**Supplied information**
○ ○ ○ ○
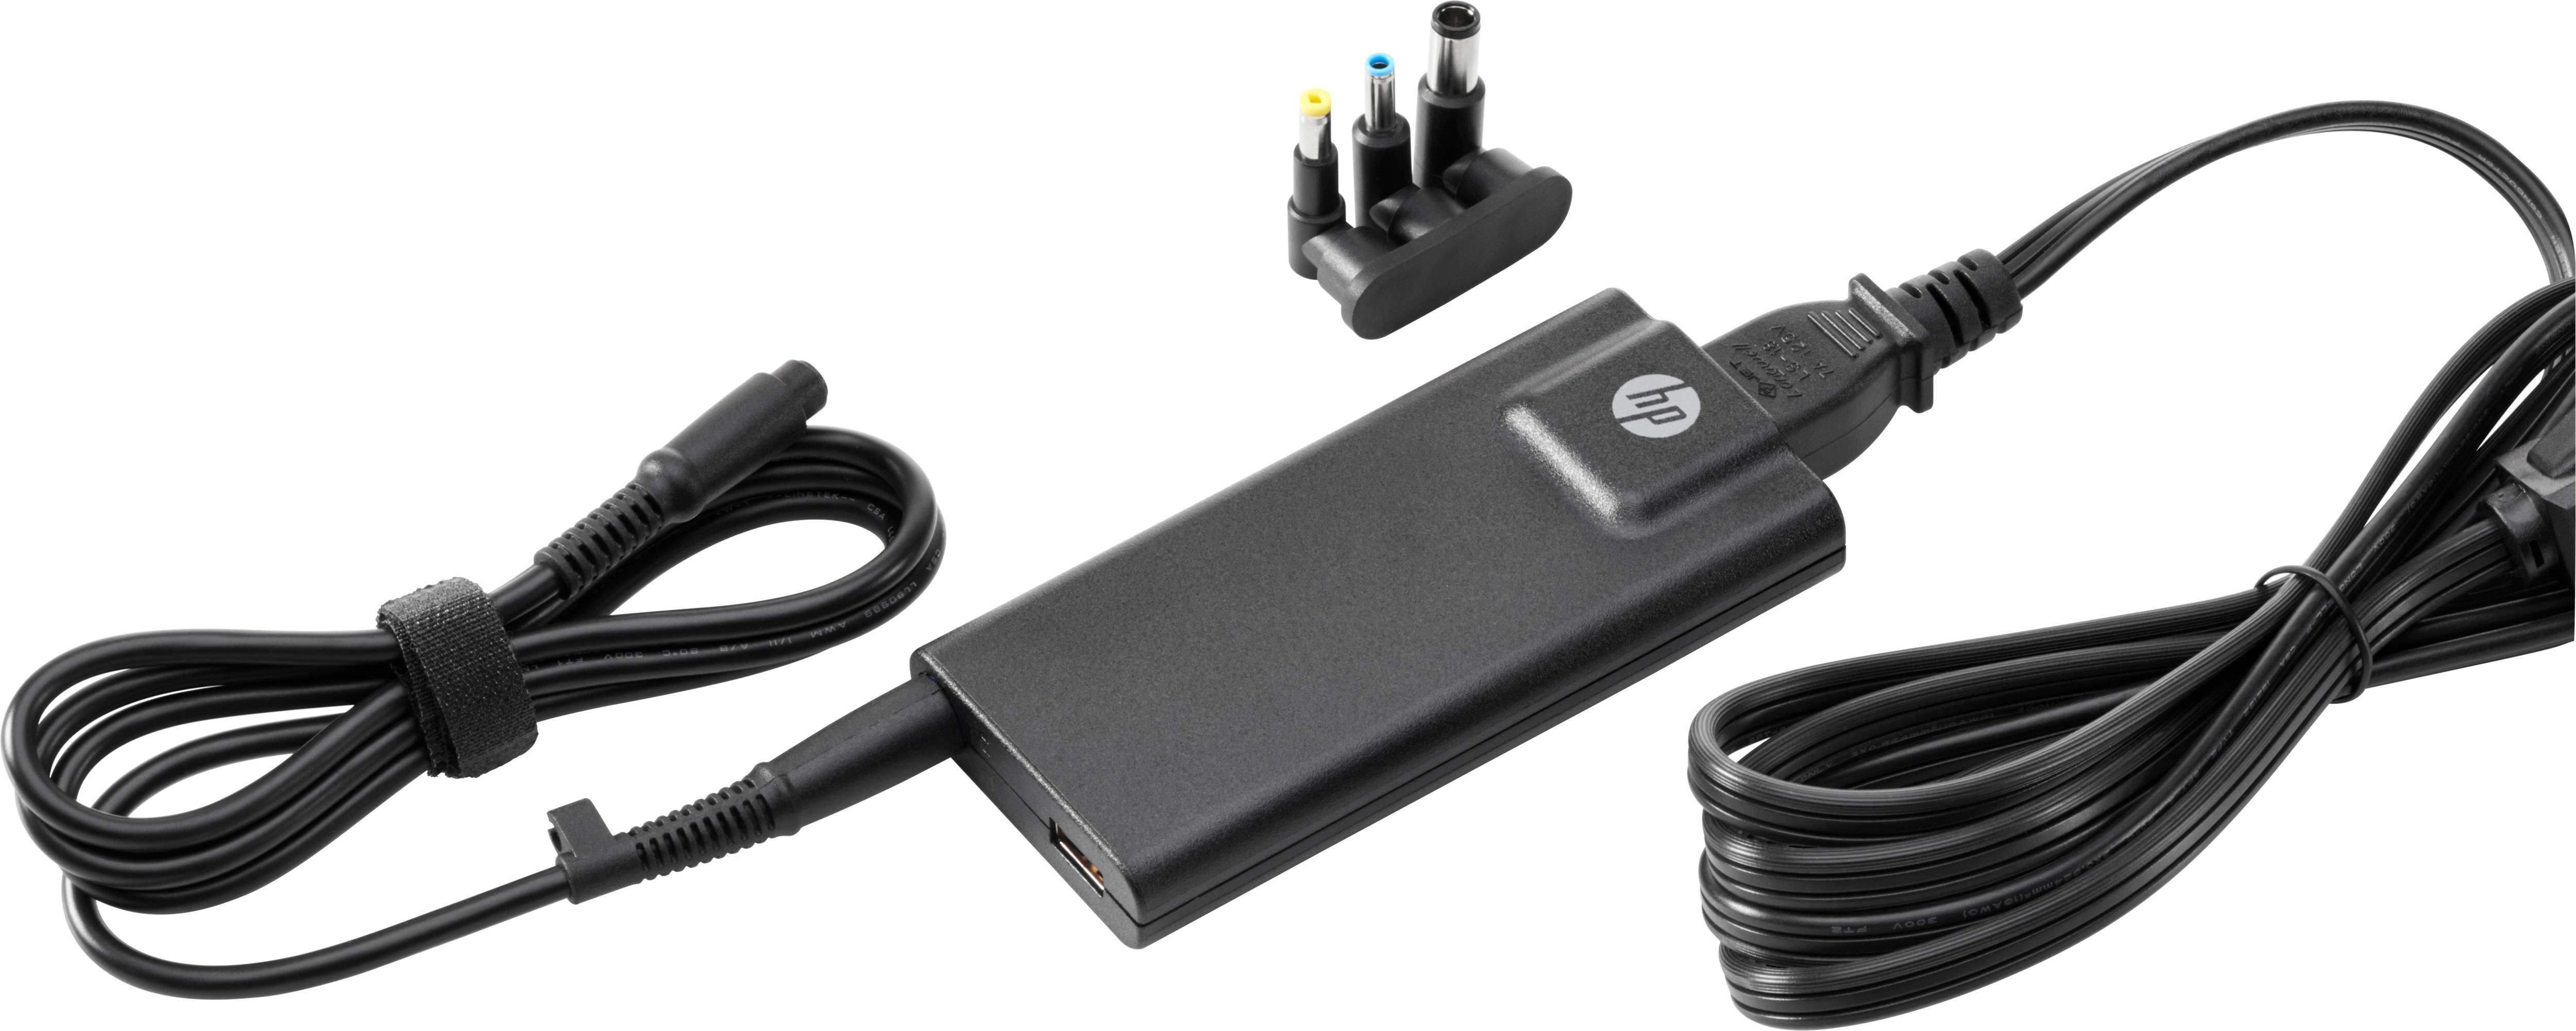 Rca Informatique - Image du produit : 65W SLIM W/USB ADAPTER INTERCHANGEABLE TIPS
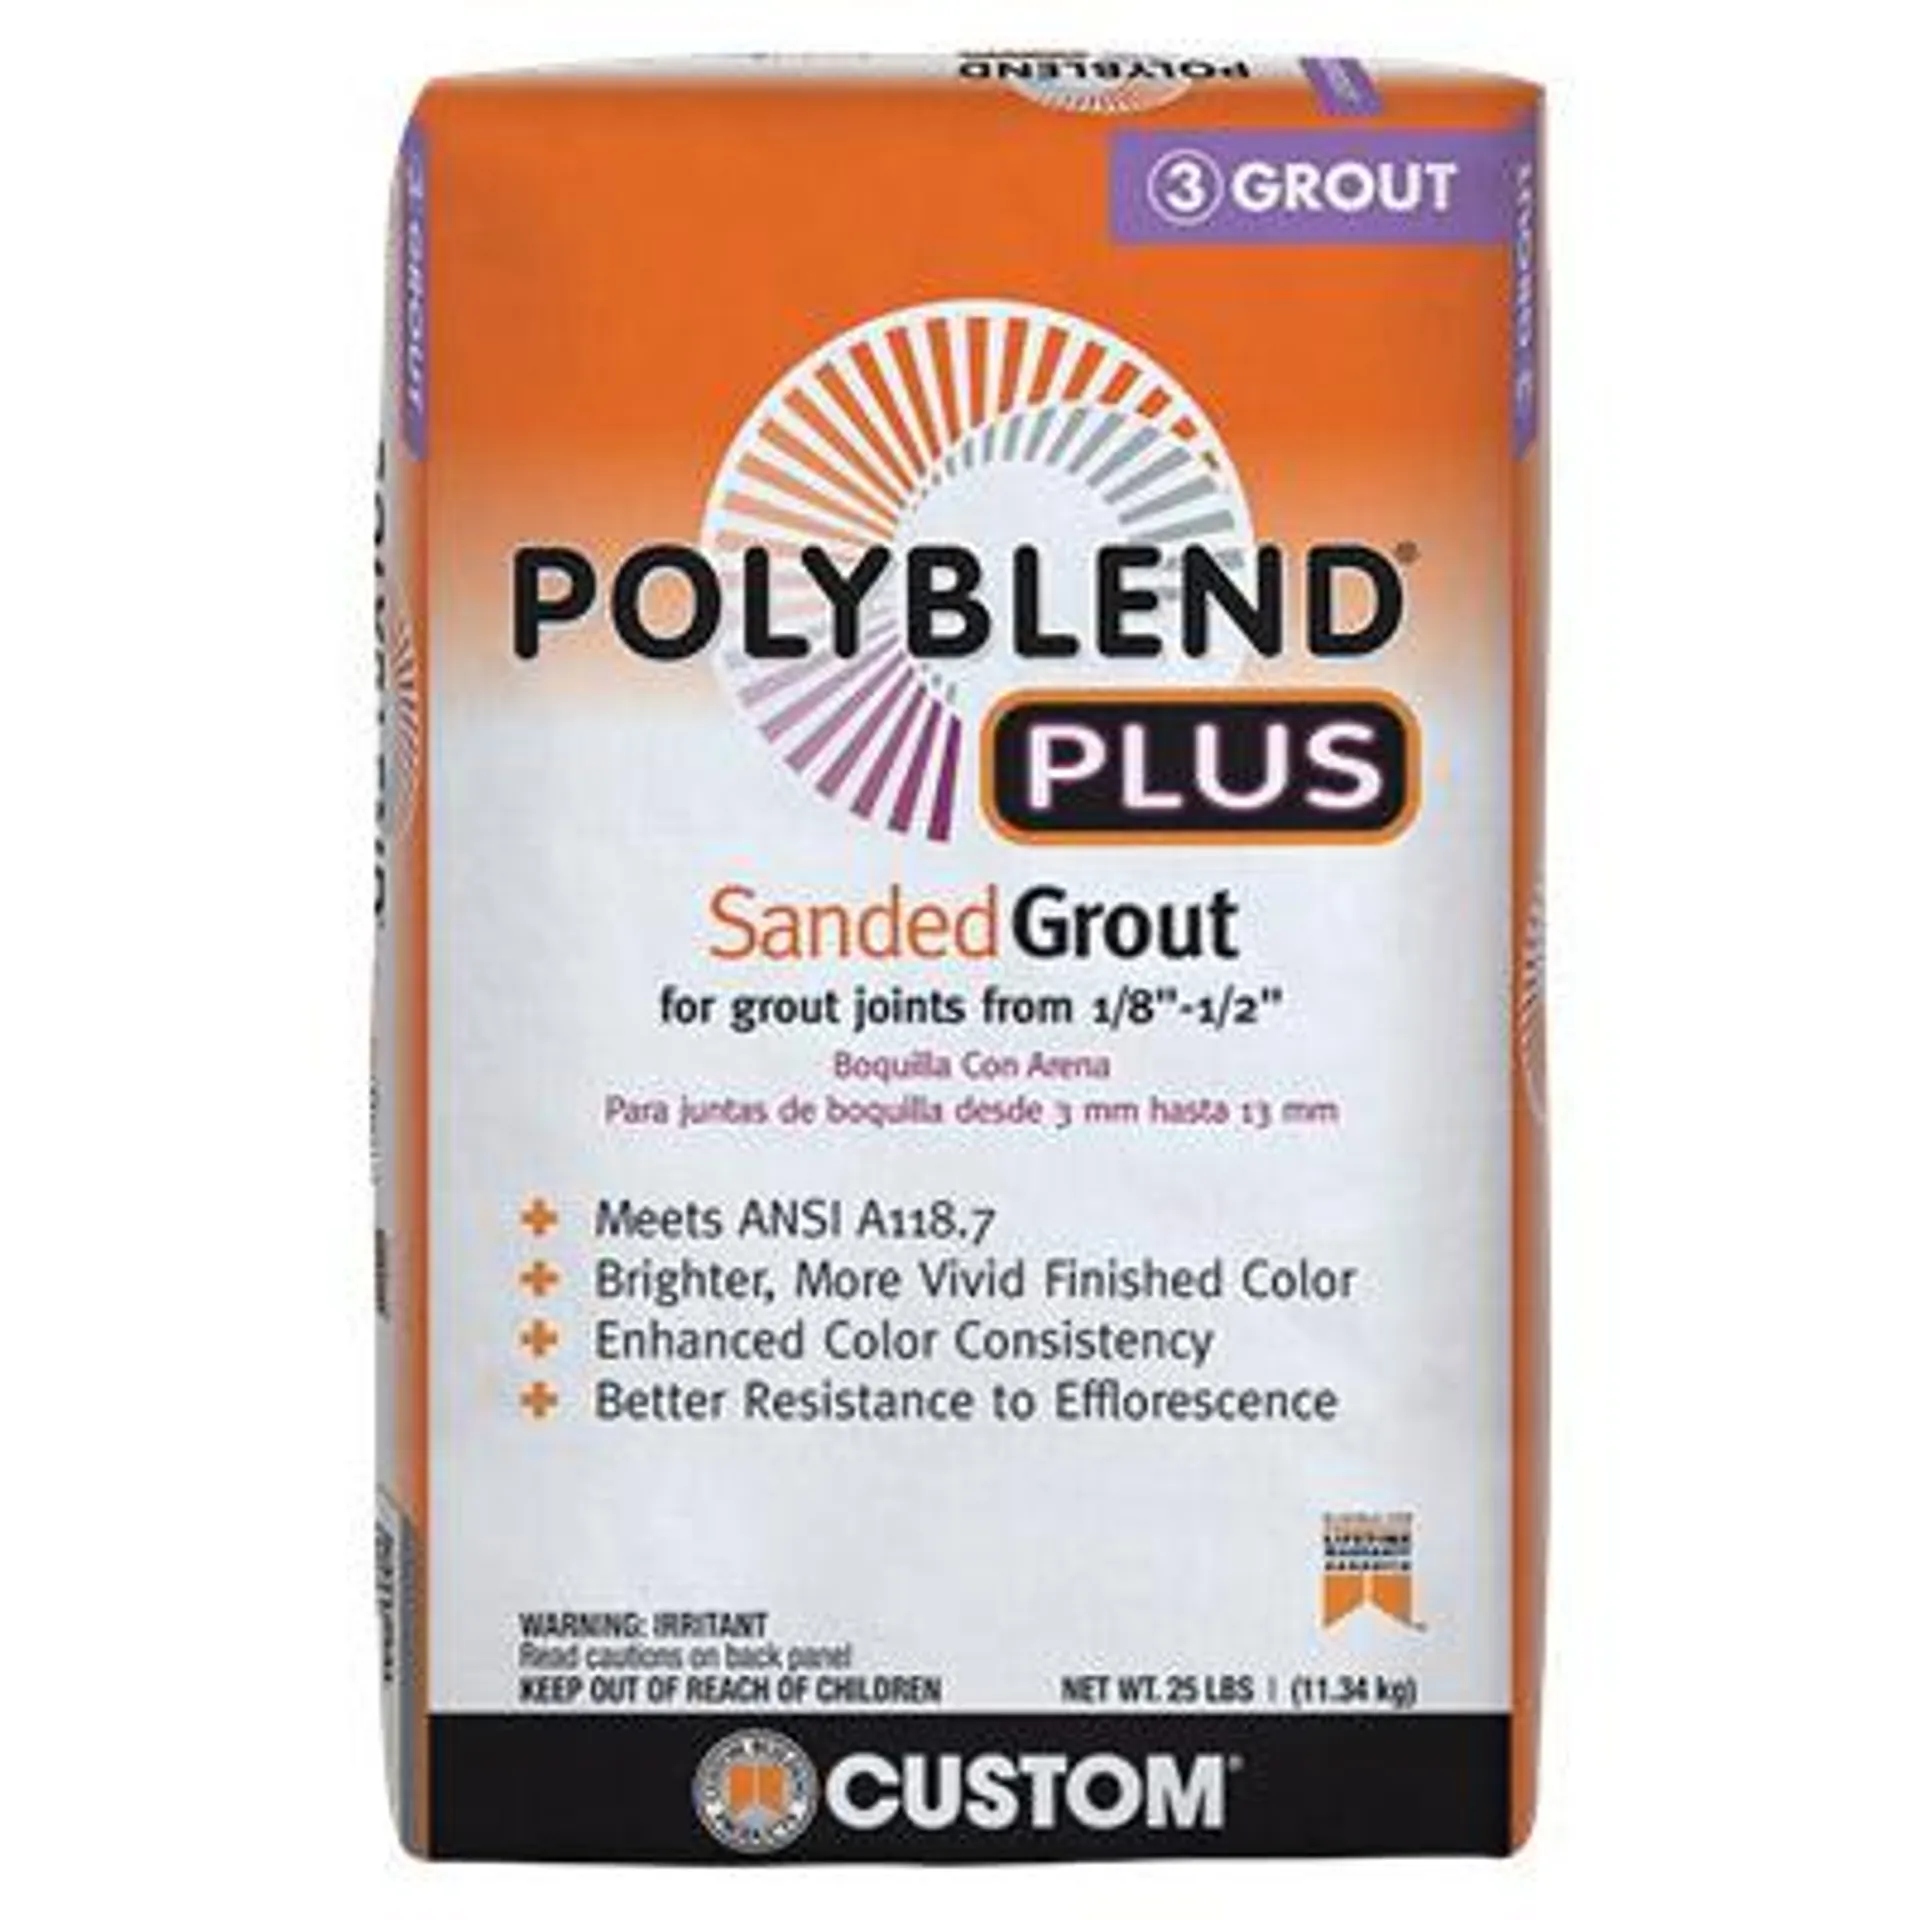 Polyblend Plus PBPG64025 Sanded Grout, Powder, Characteristic, Arctic White, 25 lb Bag
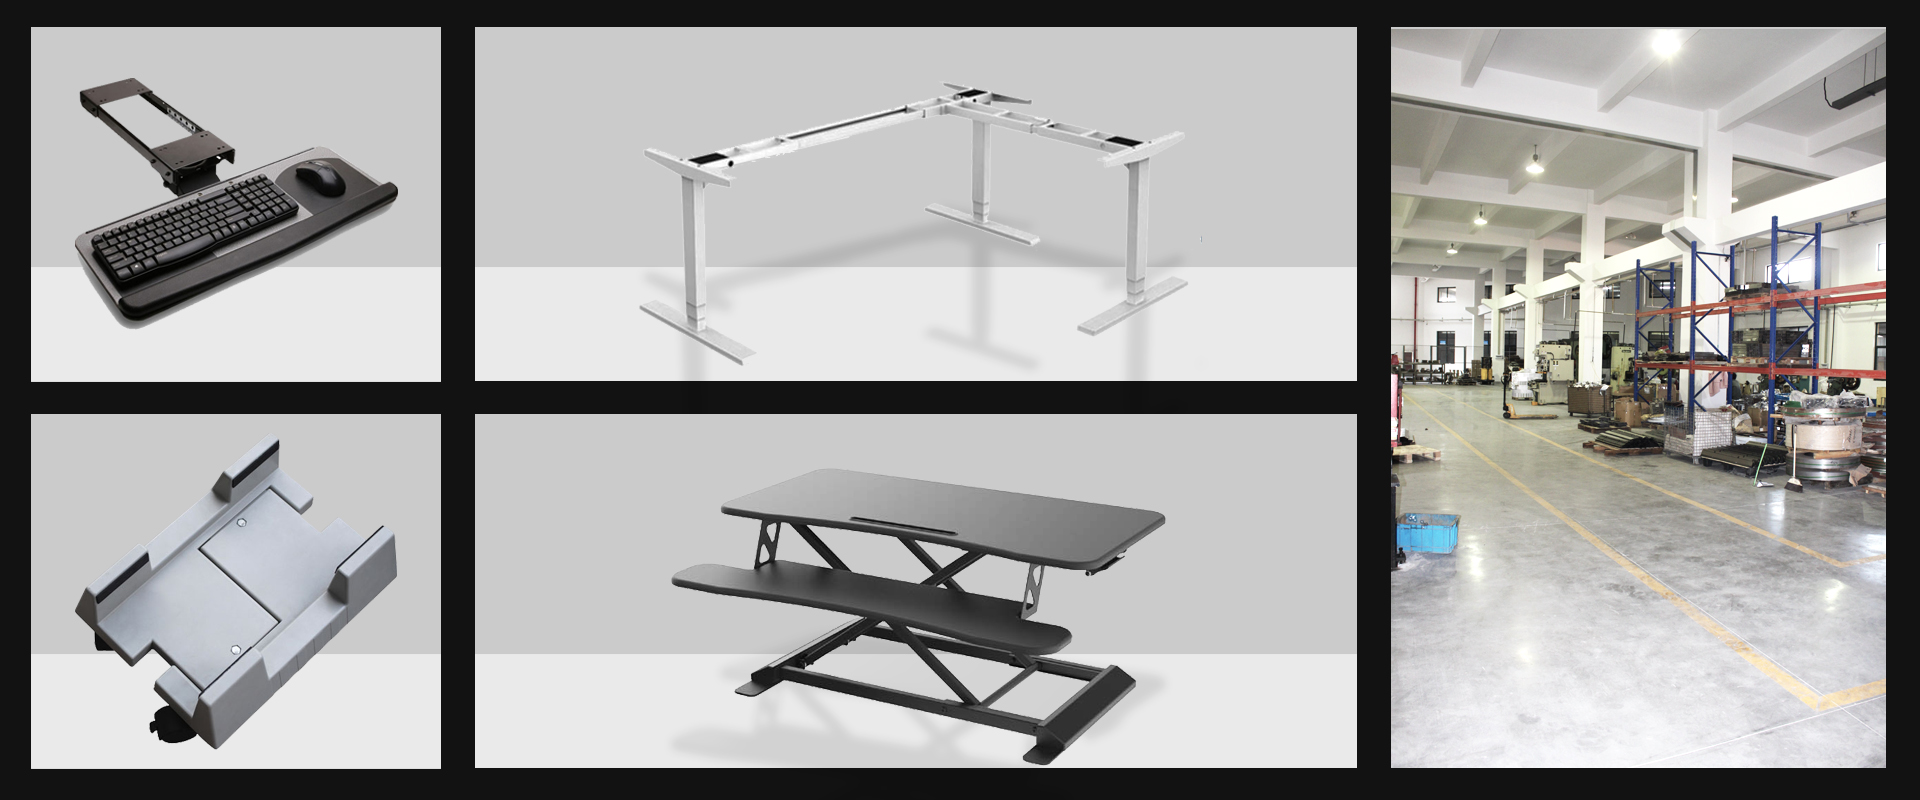 Deskromic is the main manufacture of height adjustable desk.
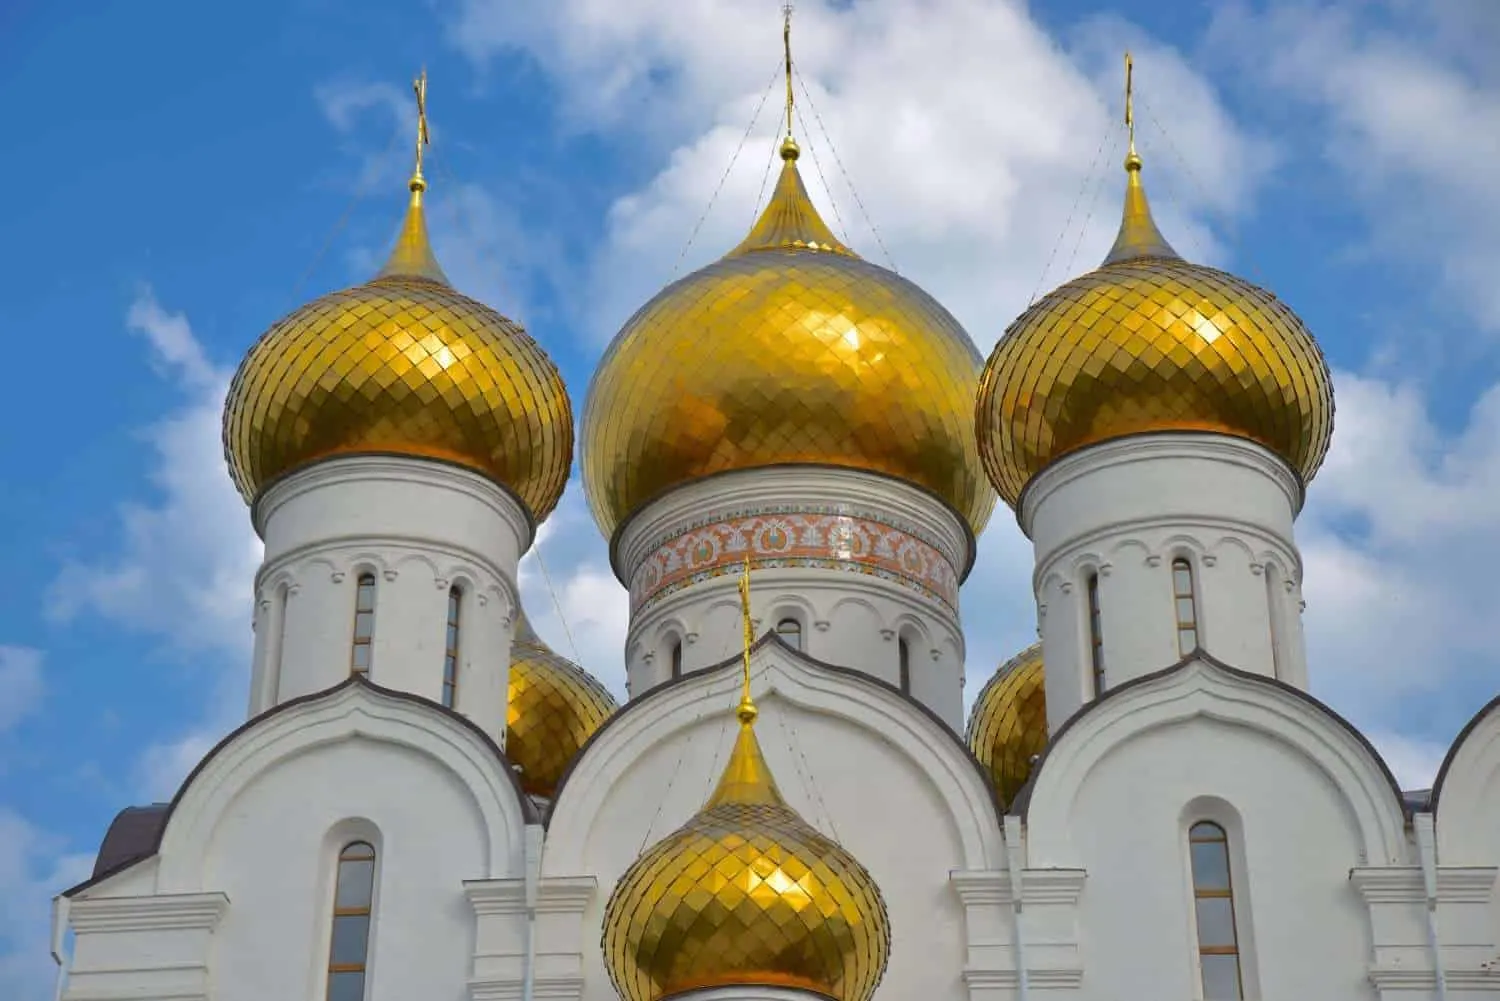 4 golden domes atop a church in Yaroslavl Russia
○ ○ ○ ○
**What is needed**
Repeat all of the material above exactly, leaving out pictures.

**Written answer**
 Rca Informatique - Image du produit : 65W SLIM W/USB ADAPTER INTERCHANGEABLE TIPS
 Polyblend Plus PBPG64025 Sanded Grout, Powder, Characteristic, Arctic White, 25 lb Bag
 Deskromic is the main manufacture of height adjustable desk.
 4 golden domes atop a church in Yaroslavl Russia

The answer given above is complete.